Department officials declined to apply Taylor's pre-trial detention credits on both of his consecutive sentences. That was correct under current law. See La. Code Crim. Proc. art. 880(B). But it was wrong here, because Taylor's release date should have been governed by the law applicable at the time of his sentence, which allowed Taylor to apply his credits to both of his sentences.

This appeal, however, does not concern the conduct of lower-level officials at the Department. Rather, the question before us is whether LeBlanc was objectively unreasonable in how he supervised the entire Department.

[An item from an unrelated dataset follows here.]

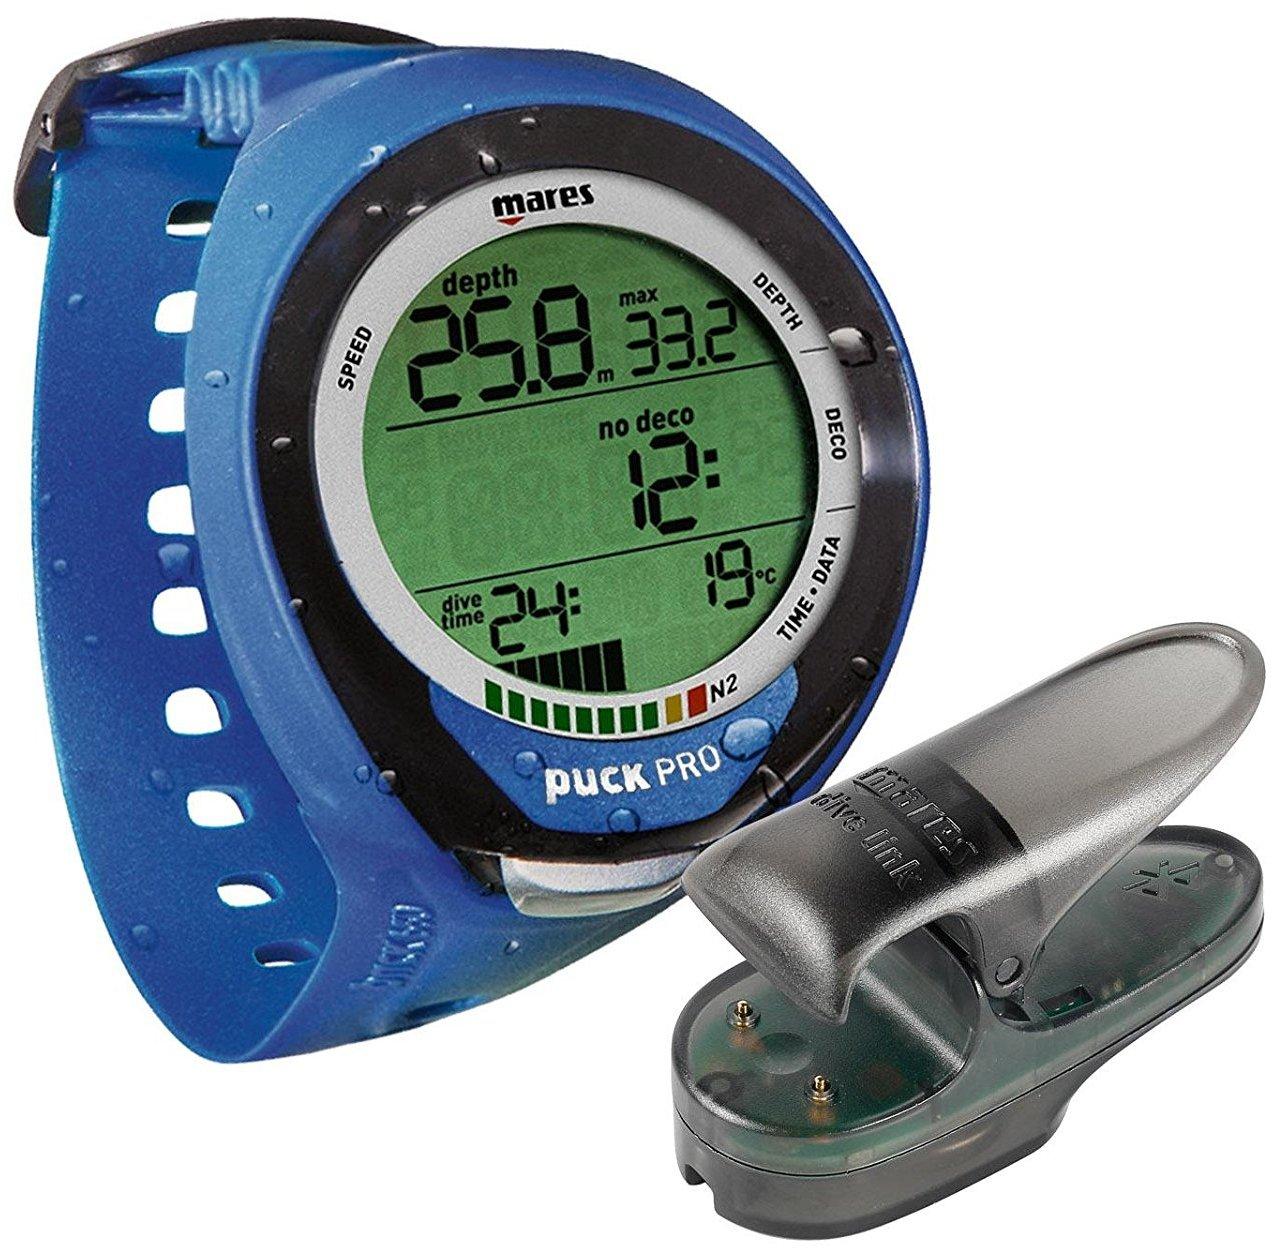 Mares Puck Pro Plus Blue Dive Computer with Bluelink Pro

Taylor contends that LeBlanc should have delegated the calculation of release dates to lawyers rather than non-lawyers—and that his failure to do so was objectively unreasonable. But nothing in the Constitution requires that these determinations be made by attorneys. At the federal level, pre-sentencing reports are routinely conducted by federal probation officers who are not lawyers. If that's objectively reasonable, then it's hard to say that it was objectively unreasonable for LeBlanc to delegate sentencing calculations to non-lawyers as well. We reverse.


1.   Taylor argues that the district court shouldn't have dismissed the other claims. We lack jurisdiction to review those dismissals on interlocutory appeal. This court has jurisdiction to review final decisions of a district court. Tracy v. Lumpkin, 43 F.4th 473, 475 (5th Cir. 2022). But the collateral-order doctrine presents a “narrow” exception to that principle. Id. Under the collateral-order doctrine, “non-final orders are immediately appealable if they: (1) conclusively determine the disputed question; (2) resolve an important issue completely separate from the merits of the action; and (3) are effectively unreviewable on appeal from a final judgment.” Id. (cleaned up). Taylor's remaining claims don't fall within this exception. Nor does pendant jurisdiction exist, because those other claims are not “inextricably intertwined” with the denial of qualified immunity for Secretary LeBlanc. Cutler v. Stephen F. Austin State Univ., 767 F.3d 462, 468 (5th Cir. 2014).